Dil Bechara

Tum na huye mere to kya

Main tumhara, main tumhara, main tumhara raha

Mere chanda main tumhara sitaara raha

Rishta raha bas ret ka

Ae samundar main tumhara kinara raha

Main tumhara, main tumhara, tumhara raha

Dil Bechara. An amazing movie which makes one feel gifted, and grateful towards life (even in this pandemic). I have watched “The fault in our stars” and that’s the reason I was initially hesitant to watch the movie. I never repeat movies and I ended up watching this movie twice. First time I was just awestruck watching Sushant do his magic, and the second time for this review. Watching him reminded me of the good old romantic SRK movies. As the film unfolds, two things bubble to the surface instantly – and poignantly. One is the realisation of the sheer enormity of the loss of SSR. The other is the gnawing feeling that the lead actor, who notched up several fine performances in a tragically brief career, perhaps deserved a more stimulating swansong.

Emanuel Rajkumar junior (Manny) – A joyful, romantic, sanguine guy, who doesn’t want to give up on love and life.
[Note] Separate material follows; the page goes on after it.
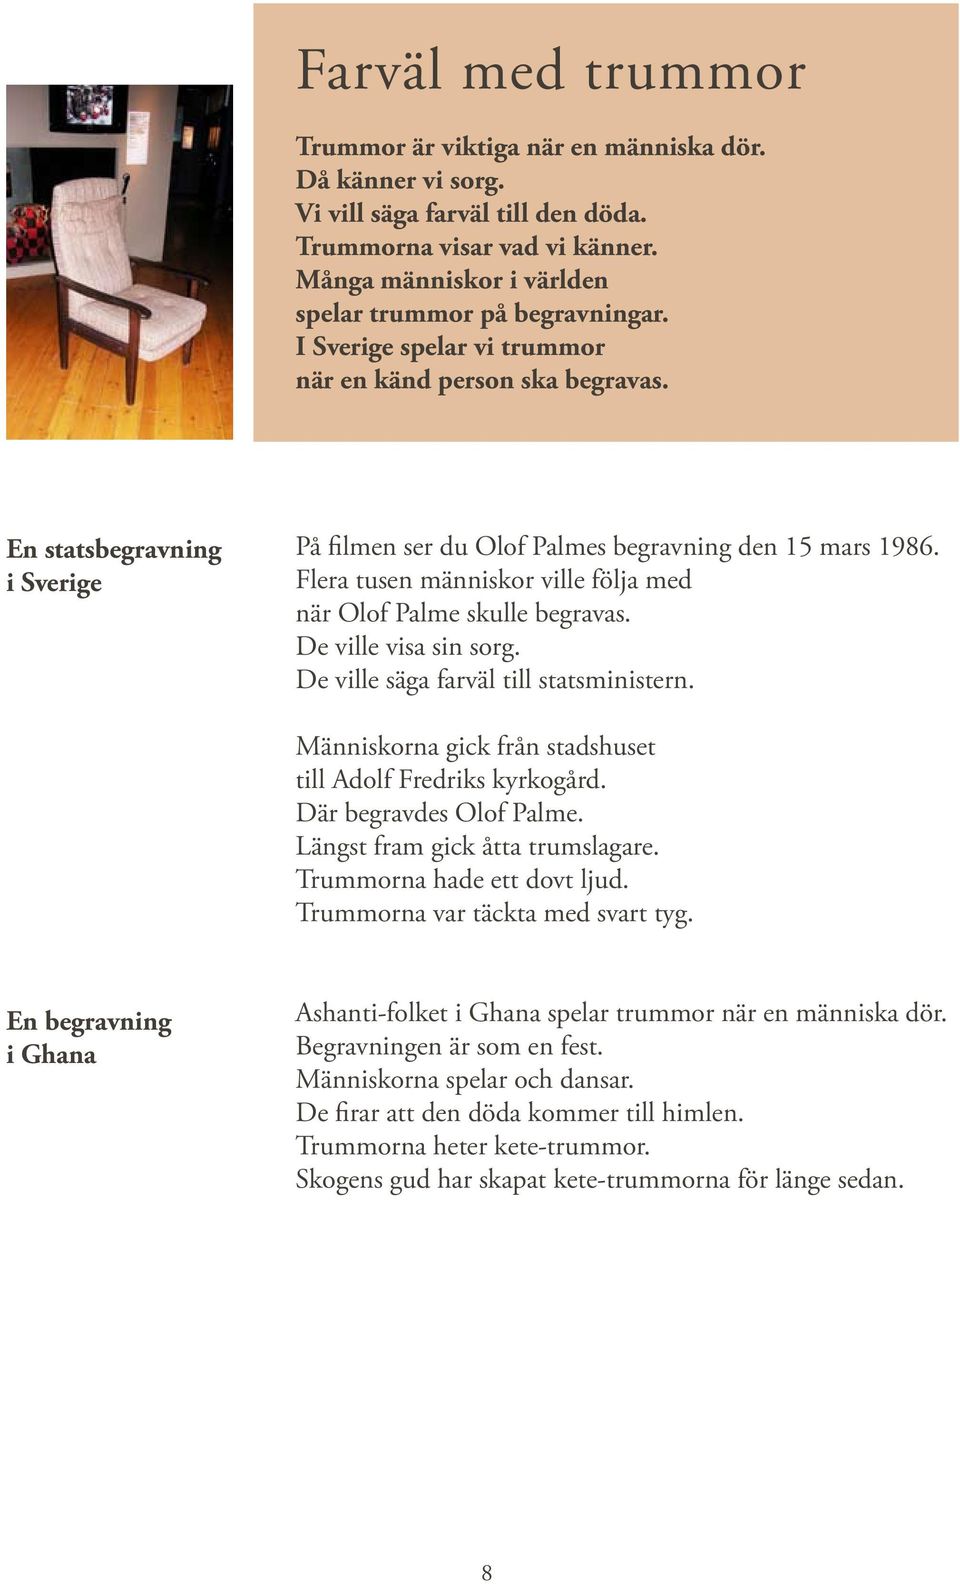 En statsbegravning i Sverige På filmen ser du Olof Palmes begravning den 15 mars 1986. Flera tusen människor ville följa med när Olof Palme skulle begravas. De ville visa sin sorg.
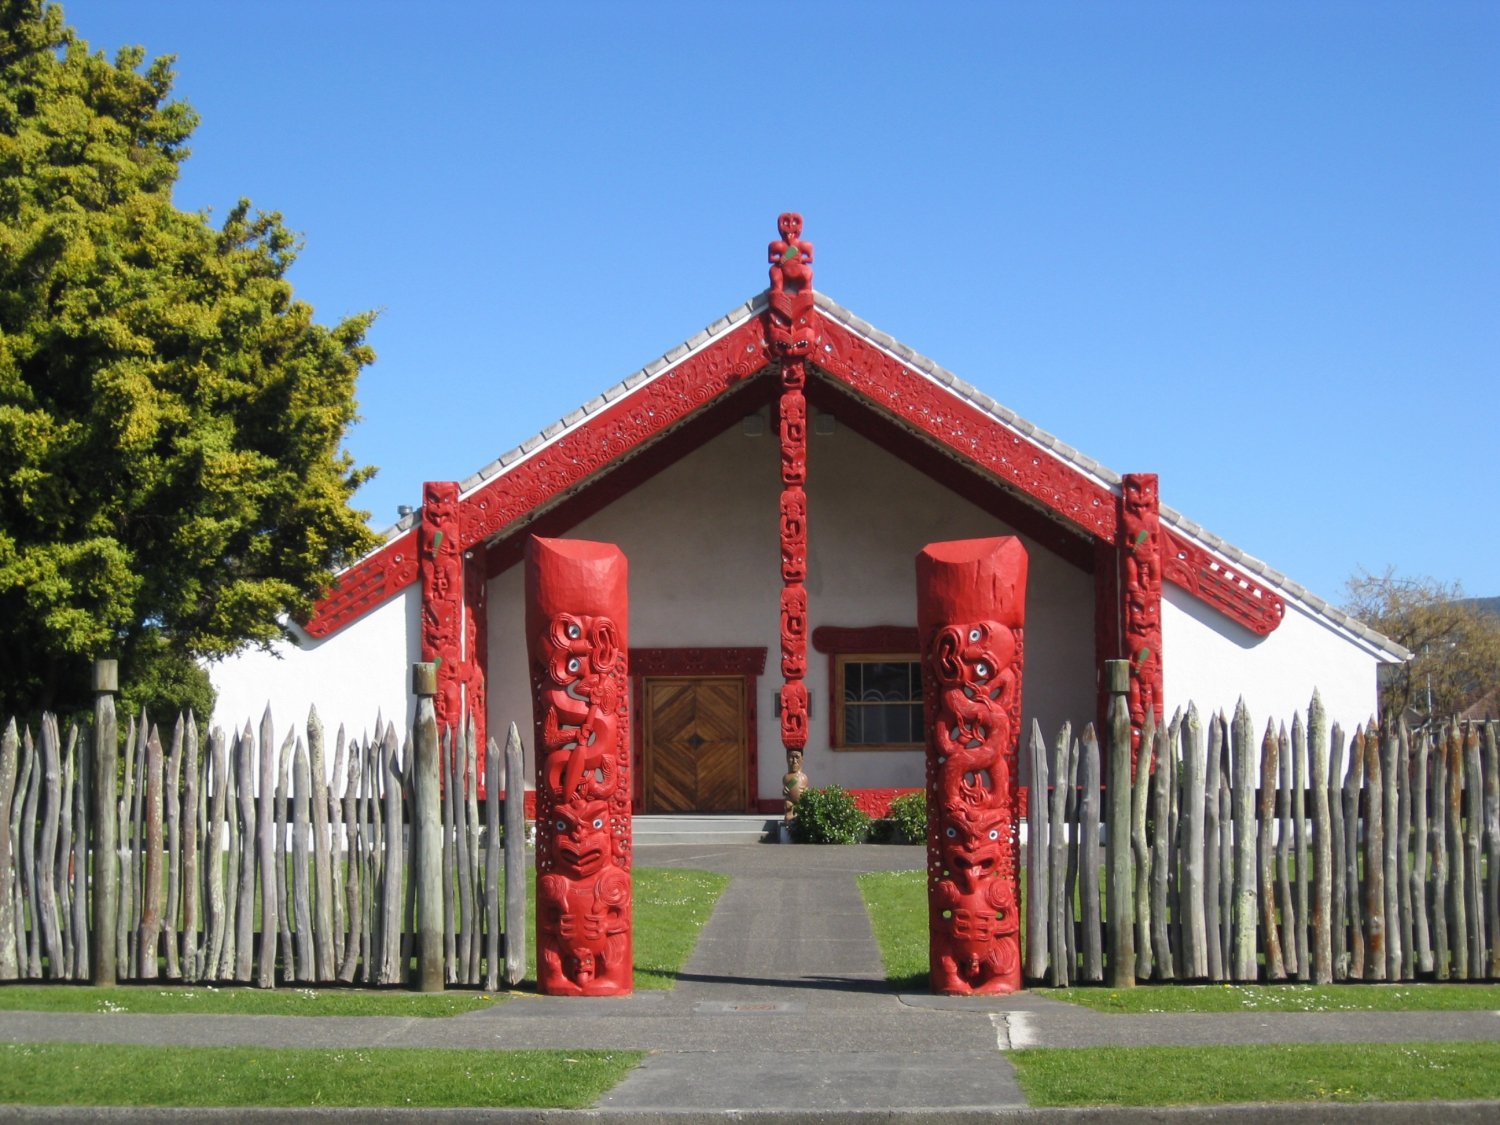 Celebrating Waitangi Day 2020

The conversation between him and Kizie’s father, where Manny talks about his life after the leg-amputation surgery: how it rendered him incomplete and dissatisfied, how it took away his body and soul – and why we should care for silliness, that scene is vintage Rajput, where he isn’t hero-like but ordinary, unpeeling his layers with every line of dialogue, revealing his insecurity with palpable difficulty. Many people are unable to achieve their goals as circumstances take that chance away from them, but we are the few lucky ones who get many shots to keep trying. Hence, we should realize that failure can only give us sorrow, but it can never seize our opportunities. Others might have the opinion that we are being silly in following our ambition and might not trust us. However, in his last letter Manny conveys that even though we can’t decide the time of our birth and death, the way we want to lead our life is in our hands.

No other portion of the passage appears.